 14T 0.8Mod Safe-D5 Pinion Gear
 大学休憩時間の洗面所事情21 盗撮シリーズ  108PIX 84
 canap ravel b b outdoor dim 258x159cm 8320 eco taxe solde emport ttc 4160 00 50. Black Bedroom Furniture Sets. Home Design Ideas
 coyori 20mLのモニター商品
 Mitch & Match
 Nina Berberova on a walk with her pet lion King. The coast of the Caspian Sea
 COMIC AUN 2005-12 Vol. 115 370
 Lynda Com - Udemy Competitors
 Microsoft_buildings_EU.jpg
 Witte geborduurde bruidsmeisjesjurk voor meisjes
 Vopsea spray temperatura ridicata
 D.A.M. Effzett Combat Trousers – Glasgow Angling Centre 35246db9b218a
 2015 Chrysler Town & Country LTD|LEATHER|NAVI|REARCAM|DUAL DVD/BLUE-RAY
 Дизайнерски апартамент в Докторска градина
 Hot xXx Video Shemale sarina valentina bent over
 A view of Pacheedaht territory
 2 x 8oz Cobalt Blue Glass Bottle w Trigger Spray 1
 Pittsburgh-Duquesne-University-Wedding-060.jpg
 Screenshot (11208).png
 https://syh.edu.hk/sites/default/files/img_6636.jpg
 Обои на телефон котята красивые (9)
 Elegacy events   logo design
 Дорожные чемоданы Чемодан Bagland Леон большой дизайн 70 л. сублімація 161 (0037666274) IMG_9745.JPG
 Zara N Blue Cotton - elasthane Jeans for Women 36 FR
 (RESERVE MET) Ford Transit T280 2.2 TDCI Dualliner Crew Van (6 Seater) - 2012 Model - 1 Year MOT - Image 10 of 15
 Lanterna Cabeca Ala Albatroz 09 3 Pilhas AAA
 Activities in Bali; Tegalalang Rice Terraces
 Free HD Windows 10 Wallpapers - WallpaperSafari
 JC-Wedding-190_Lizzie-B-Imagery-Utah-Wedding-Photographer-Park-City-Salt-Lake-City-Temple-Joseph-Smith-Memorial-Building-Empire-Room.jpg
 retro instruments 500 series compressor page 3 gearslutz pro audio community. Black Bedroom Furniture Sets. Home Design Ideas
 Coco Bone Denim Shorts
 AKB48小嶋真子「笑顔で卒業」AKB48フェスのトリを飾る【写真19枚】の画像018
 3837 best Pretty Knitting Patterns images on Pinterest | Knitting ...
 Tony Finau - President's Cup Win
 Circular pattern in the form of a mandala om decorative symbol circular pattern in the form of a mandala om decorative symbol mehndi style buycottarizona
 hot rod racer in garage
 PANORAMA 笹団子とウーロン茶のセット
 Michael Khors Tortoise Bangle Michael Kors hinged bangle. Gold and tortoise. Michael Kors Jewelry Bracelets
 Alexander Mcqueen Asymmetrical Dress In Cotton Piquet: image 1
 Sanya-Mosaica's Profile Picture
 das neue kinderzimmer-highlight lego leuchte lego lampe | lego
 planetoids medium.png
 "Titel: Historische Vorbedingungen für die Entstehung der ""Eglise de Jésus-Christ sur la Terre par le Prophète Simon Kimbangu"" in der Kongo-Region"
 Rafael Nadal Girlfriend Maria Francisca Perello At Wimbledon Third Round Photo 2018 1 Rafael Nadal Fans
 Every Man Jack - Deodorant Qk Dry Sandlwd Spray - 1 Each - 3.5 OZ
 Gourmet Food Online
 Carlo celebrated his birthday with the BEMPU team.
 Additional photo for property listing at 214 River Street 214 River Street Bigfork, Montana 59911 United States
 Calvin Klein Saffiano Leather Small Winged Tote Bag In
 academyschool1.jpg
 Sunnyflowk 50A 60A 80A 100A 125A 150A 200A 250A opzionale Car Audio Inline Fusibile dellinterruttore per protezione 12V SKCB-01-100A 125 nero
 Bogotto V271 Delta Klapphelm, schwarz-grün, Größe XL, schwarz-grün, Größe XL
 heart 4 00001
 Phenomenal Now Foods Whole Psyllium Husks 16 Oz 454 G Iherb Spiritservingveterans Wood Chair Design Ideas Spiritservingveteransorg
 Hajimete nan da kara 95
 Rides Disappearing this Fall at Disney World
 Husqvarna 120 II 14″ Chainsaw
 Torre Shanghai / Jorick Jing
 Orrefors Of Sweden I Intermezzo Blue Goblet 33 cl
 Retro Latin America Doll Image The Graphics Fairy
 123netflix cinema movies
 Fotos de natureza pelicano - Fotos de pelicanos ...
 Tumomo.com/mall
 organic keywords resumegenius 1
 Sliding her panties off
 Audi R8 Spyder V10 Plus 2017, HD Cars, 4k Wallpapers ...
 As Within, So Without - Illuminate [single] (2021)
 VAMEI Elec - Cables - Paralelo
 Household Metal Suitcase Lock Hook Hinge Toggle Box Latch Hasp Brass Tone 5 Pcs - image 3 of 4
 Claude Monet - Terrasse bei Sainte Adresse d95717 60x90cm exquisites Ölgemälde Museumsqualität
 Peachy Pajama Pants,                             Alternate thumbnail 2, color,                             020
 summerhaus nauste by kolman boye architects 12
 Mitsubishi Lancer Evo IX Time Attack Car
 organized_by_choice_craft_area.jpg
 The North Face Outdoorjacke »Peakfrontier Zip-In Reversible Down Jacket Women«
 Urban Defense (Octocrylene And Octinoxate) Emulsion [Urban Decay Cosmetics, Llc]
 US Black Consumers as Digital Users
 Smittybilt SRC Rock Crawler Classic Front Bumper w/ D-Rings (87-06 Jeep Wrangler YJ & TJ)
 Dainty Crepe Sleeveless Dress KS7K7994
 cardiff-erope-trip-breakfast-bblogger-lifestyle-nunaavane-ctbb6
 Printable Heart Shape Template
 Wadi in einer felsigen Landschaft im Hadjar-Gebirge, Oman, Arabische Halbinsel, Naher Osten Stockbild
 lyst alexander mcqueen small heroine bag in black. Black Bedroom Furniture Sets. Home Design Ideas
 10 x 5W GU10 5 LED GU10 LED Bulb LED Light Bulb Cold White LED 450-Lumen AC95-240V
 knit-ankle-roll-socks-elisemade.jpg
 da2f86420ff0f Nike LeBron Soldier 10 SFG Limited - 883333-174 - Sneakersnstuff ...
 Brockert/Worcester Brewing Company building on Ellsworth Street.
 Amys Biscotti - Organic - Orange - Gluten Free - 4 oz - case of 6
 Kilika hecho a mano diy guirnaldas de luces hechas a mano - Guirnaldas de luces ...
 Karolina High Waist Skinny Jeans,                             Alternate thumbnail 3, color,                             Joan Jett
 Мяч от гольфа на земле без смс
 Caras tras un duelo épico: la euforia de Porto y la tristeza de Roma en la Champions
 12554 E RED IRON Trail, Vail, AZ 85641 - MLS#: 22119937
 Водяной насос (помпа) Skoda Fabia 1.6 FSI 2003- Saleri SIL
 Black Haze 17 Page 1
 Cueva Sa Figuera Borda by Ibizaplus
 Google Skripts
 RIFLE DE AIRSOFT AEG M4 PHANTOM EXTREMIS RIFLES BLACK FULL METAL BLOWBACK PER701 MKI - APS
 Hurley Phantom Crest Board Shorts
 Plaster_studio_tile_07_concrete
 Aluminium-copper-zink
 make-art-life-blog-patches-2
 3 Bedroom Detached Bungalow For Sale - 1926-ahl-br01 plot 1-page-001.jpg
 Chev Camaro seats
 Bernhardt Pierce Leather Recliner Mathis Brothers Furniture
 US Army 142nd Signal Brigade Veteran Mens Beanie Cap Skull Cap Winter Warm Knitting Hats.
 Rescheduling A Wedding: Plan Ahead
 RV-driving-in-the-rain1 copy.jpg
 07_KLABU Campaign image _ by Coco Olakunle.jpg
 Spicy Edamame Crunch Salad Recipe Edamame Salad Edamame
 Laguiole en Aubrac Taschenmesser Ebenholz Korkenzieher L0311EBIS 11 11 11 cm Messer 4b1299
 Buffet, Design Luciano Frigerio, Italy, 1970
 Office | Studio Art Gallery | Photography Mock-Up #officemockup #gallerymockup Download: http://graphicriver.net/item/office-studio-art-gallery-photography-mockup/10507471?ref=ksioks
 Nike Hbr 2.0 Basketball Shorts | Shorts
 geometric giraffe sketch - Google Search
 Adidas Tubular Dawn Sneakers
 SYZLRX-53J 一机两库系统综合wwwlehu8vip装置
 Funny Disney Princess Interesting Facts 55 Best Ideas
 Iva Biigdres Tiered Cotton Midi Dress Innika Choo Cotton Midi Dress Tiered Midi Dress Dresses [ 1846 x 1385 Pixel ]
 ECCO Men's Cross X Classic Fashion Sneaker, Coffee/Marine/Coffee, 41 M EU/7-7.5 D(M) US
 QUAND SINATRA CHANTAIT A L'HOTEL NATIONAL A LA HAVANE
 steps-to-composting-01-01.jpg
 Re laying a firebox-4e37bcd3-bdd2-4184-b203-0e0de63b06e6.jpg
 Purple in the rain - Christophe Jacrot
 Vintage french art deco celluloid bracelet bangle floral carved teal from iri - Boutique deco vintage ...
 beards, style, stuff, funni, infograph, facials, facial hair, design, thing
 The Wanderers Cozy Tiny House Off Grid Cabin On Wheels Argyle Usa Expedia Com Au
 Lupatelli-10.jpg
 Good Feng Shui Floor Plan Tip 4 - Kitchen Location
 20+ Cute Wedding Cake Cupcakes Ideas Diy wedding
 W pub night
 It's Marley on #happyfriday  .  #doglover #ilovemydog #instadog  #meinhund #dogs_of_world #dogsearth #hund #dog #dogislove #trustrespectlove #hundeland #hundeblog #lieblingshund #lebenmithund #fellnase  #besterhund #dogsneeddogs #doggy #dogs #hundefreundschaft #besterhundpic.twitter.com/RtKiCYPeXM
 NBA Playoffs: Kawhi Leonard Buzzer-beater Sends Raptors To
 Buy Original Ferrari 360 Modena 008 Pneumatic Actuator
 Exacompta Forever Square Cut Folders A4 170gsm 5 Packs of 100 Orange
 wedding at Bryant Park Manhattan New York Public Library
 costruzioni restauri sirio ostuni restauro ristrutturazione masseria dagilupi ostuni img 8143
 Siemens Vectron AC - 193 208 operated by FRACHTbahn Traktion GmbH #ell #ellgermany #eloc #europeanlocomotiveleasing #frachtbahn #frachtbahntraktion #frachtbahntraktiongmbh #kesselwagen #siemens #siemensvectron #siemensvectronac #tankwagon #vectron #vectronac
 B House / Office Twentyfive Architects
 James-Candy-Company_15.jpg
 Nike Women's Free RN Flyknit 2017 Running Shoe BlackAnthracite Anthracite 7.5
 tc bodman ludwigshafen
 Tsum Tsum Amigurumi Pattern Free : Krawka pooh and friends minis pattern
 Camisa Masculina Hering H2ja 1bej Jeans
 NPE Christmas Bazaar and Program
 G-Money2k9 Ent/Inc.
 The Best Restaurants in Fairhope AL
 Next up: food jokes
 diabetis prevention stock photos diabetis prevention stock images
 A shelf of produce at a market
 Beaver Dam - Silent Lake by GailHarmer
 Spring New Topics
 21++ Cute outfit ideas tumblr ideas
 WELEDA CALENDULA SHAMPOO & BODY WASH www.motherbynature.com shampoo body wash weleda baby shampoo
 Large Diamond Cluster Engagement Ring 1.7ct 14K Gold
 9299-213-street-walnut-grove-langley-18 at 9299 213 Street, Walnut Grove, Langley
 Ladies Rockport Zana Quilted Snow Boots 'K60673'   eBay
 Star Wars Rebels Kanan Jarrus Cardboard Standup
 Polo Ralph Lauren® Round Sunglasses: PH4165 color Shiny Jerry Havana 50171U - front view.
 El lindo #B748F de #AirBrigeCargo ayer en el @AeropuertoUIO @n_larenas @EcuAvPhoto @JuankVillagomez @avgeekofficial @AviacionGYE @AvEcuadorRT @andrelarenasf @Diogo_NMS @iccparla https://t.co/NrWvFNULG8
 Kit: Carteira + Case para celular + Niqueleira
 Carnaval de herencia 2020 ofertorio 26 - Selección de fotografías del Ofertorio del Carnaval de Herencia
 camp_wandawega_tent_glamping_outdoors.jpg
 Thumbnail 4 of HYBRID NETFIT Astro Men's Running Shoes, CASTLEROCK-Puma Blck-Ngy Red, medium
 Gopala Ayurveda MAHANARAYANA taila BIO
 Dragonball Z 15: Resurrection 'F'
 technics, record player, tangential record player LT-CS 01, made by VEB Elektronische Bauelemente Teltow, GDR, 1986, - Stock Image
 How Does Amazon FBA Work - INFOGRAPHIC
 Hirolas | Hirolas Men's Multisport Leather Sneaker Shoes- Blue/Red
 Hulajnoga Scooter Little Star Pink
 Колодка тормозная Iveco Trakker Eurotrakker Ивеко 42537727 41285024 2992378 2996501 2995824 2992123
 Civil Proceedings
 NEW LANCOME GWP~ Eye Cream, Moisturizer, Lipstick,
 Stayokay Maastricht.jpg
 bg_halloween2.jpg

#### Assignment
Output exactly one stretch of the listing: from the line containing "Caras tras un" through the line containing "make-art-life-blog-patches-2", both end lines included.

#### The answer
 Caras tras un duelo épico: la euforia de Porto y la tristeza de Roma en la Champions
 12554 E RED IRON Trail, Vail, AZ 85641 - MLS#: 22119937
 Водяной насос (помпа) Skoda Fabia 1.6 FSI 2003- Saleri SIL
 Black Haze 17 Page 1
 Cueva Sa Figuera Borda by Ibizaplus
 Google Skripts
 RIFLE DE AIRSOFT AEG M4 PHANTOM EXTREMIS RIFLES BLACK FULL METAL BLOWBACK PER701 MKI - APS
 Hurley Phantom Crest Board Shorts
 Plaster_studio_tile_07_concrete
 Aluminium-copper-zink
 make-art-life-blog-patches-2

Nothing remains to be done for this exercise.